### TASK ITEM
Produce a word-for-word copy of the listing below without its pictures.

### INPUT DATA
☆ ☆ ☆ ☆ ☆
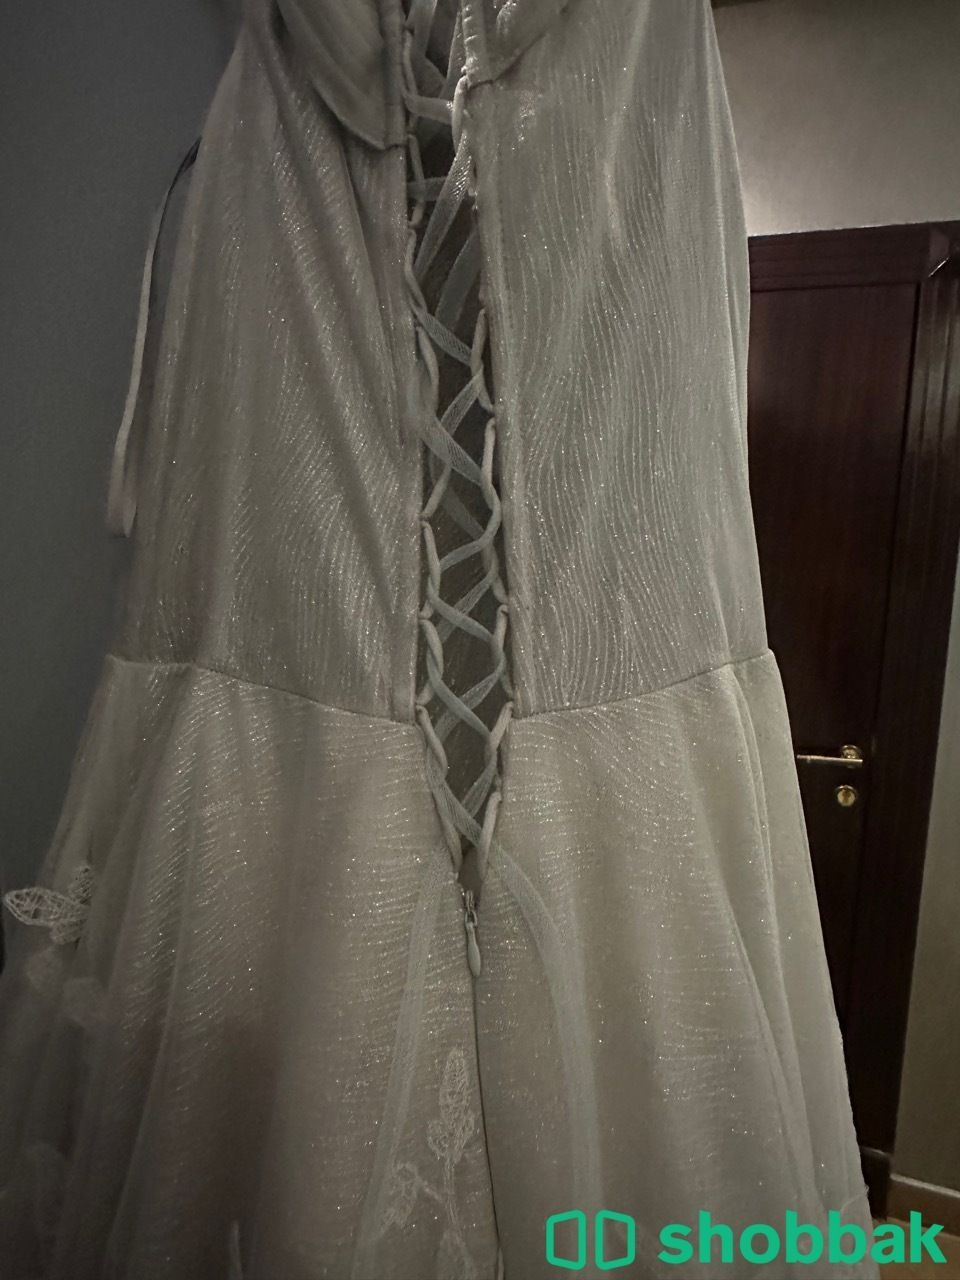 فستان Shobbak Saudi Arabia
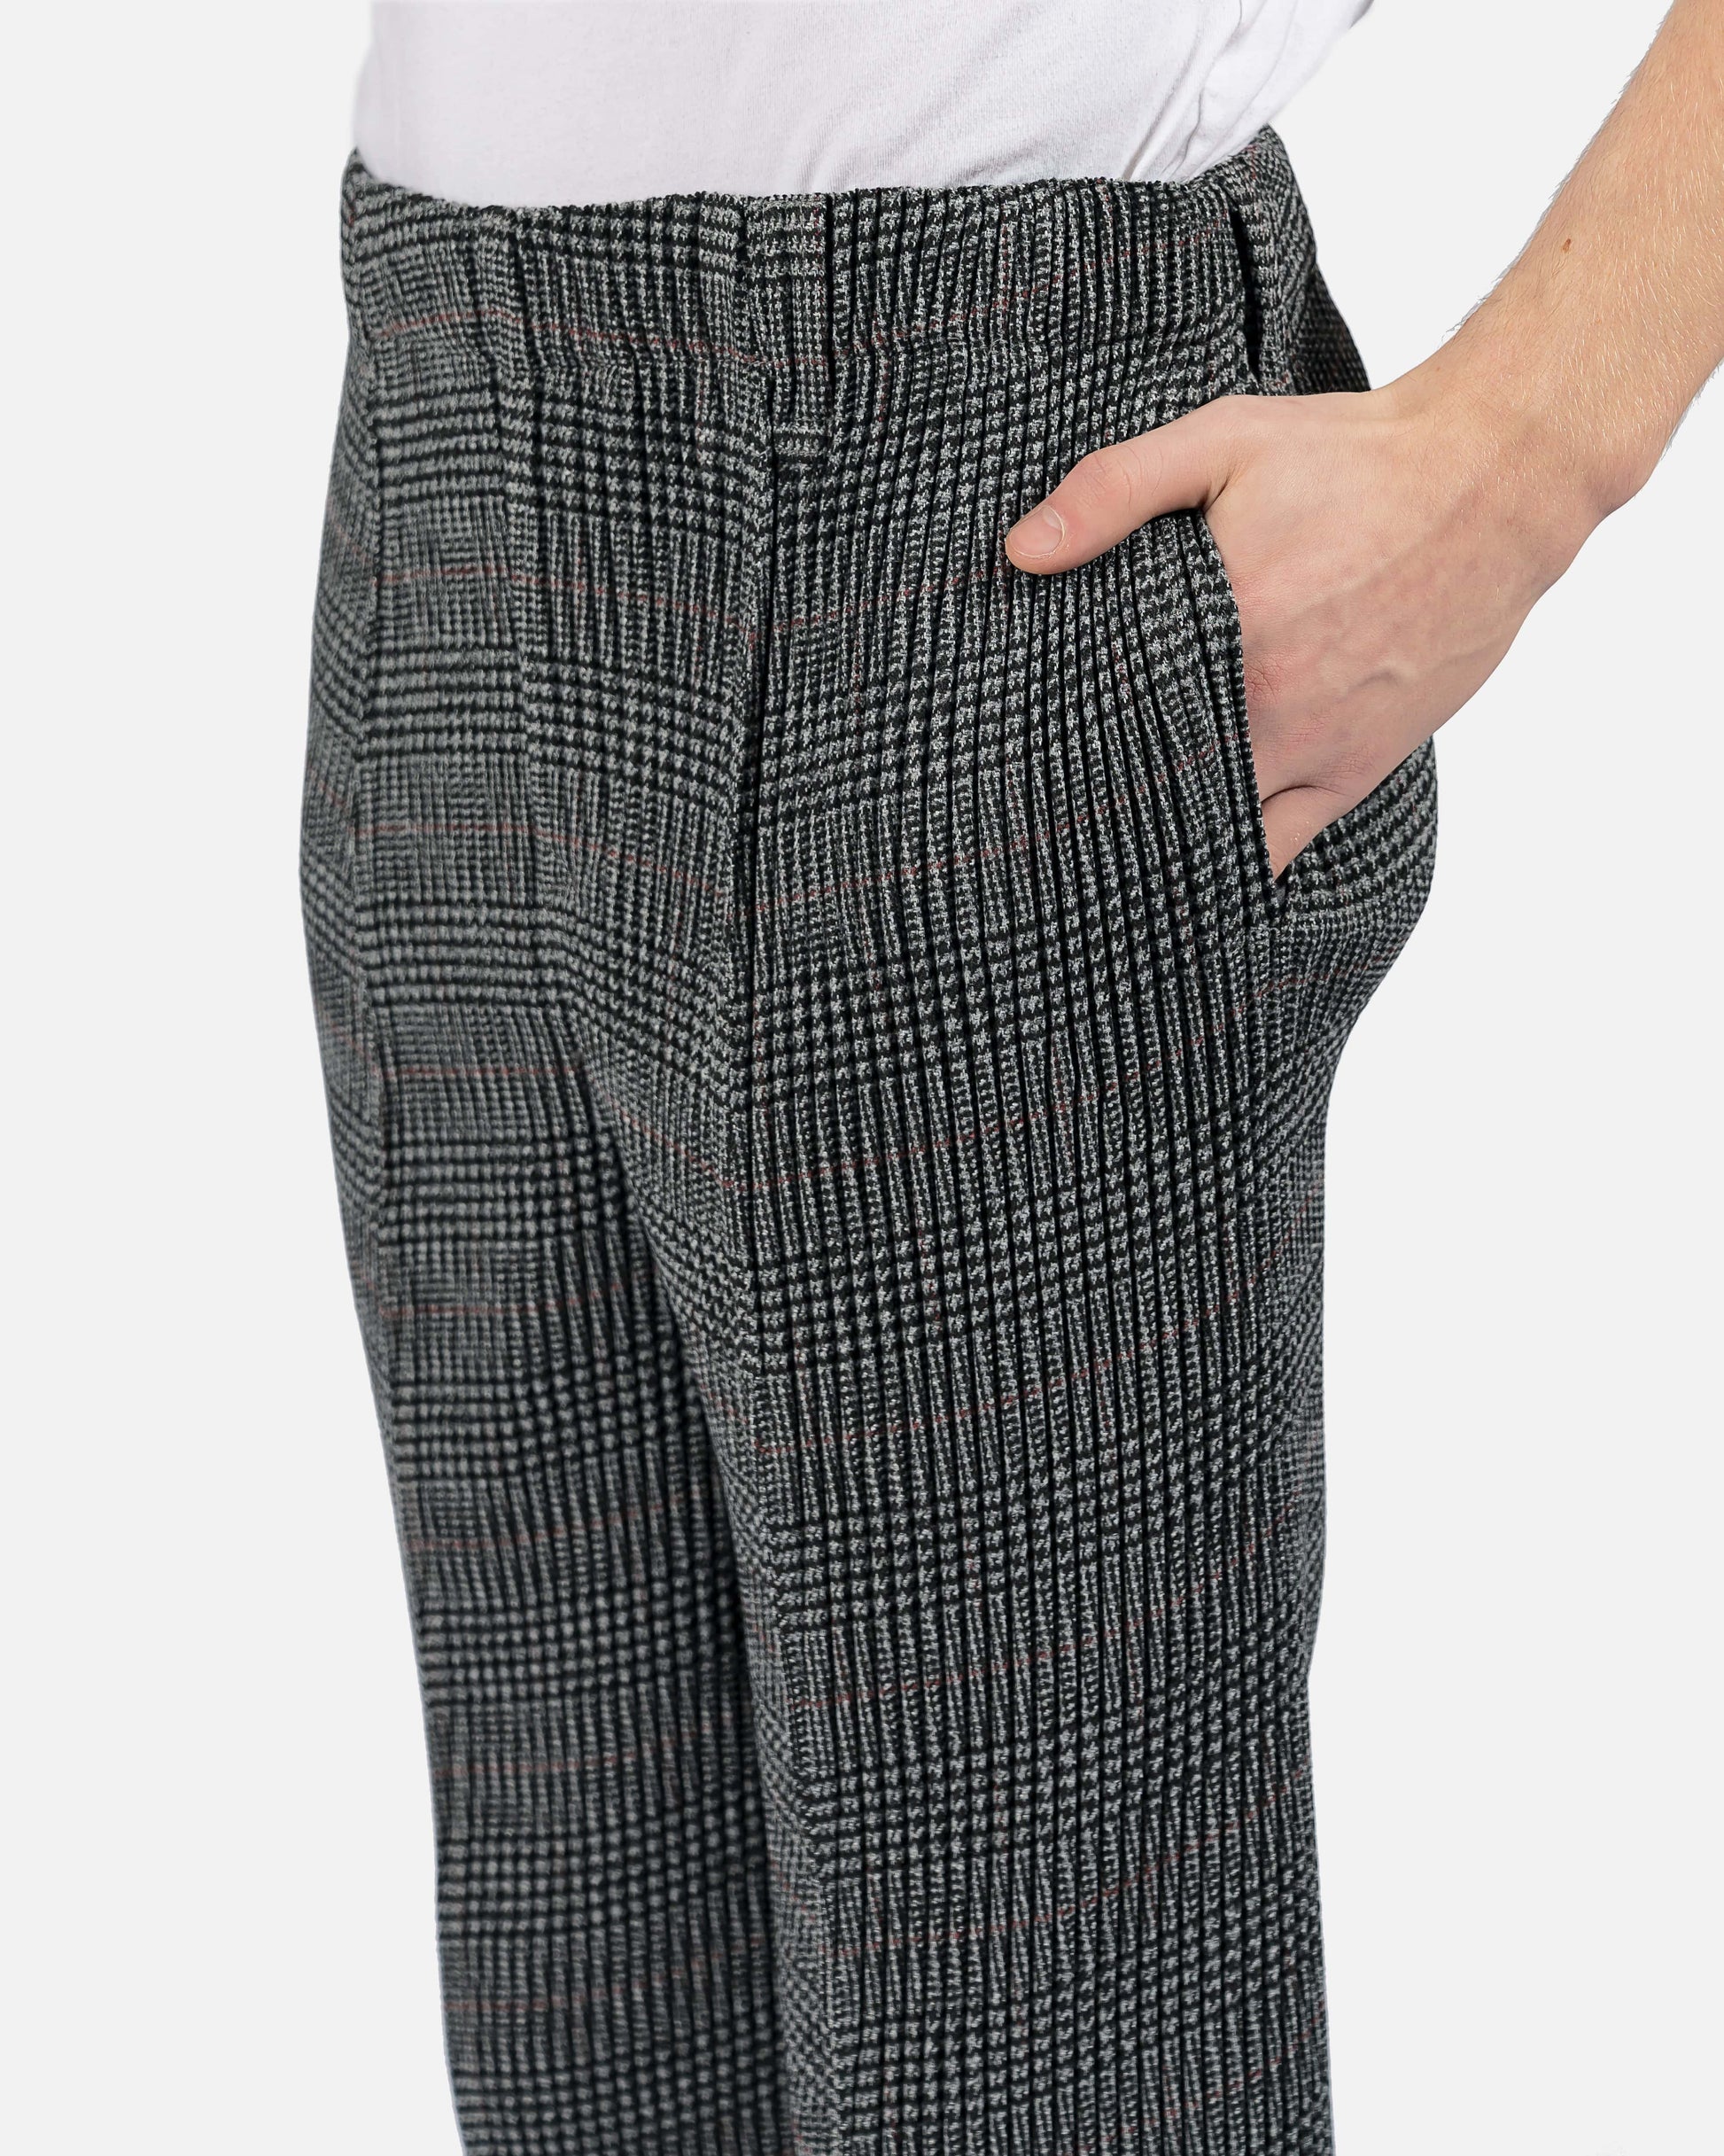 Homme Plissé Issey Miyake Men's Pants Tweed Pleats Trousers in Grey
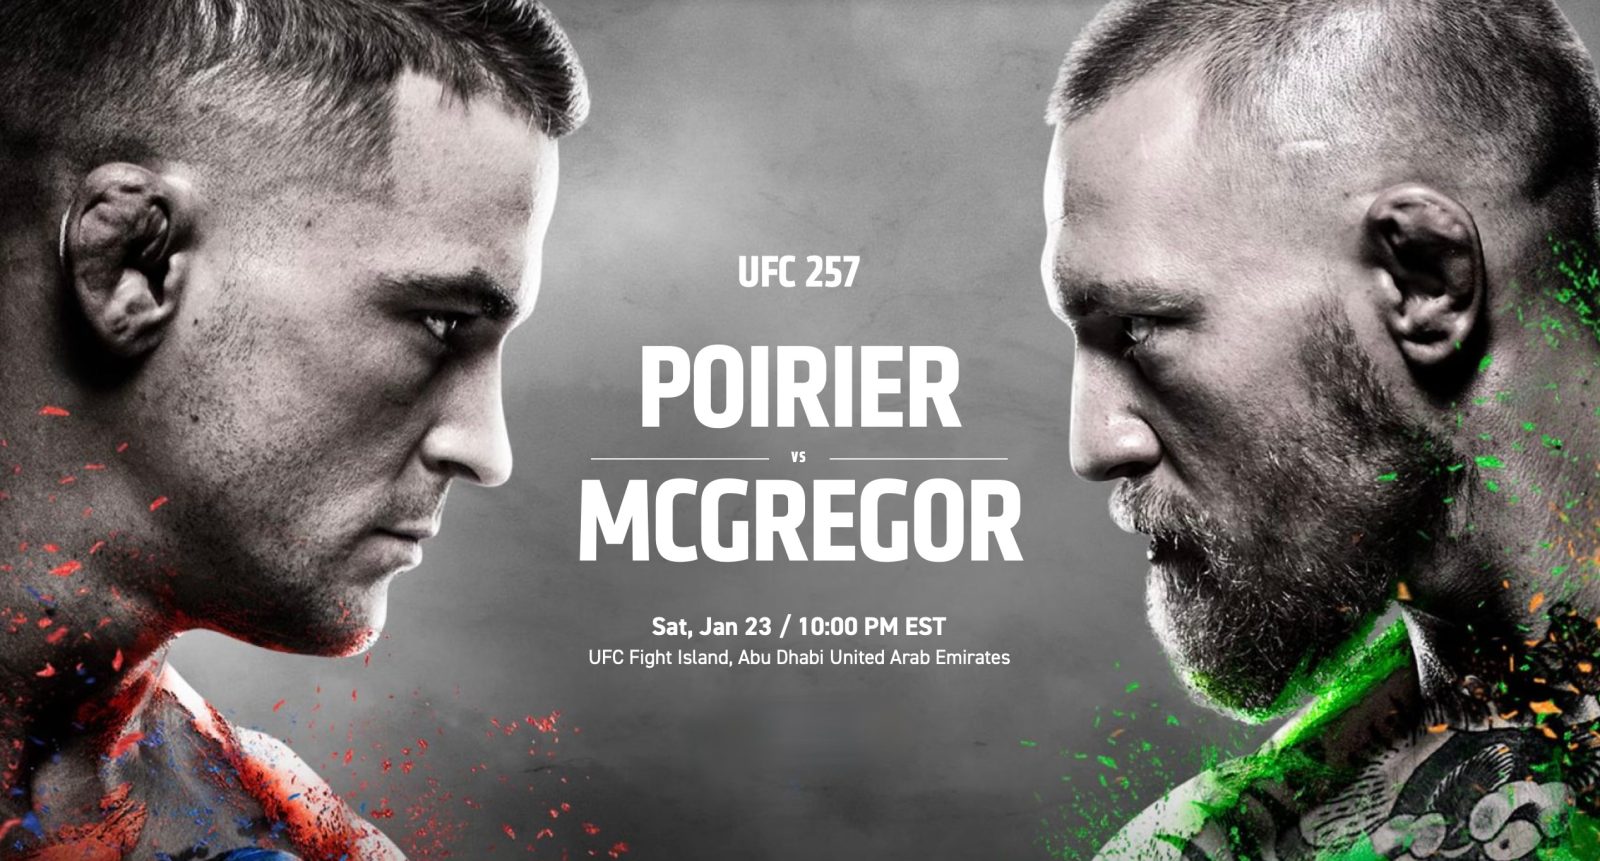 How to watch McGregor vs Poirier UFC 257 on iPhone, Mac, Apple TV, web
☆ ☆ ☆ ☆ ☆
### TASK OUTPUT
 فستان Shobbak Saudi Arabia
 Homme Plissé Issey Miyake Men's Pants Tweed Pleats Trousers in Grey
 How to watch McGregor vs Poirier UFC 257 on iPhone, Mac, Apple TV, web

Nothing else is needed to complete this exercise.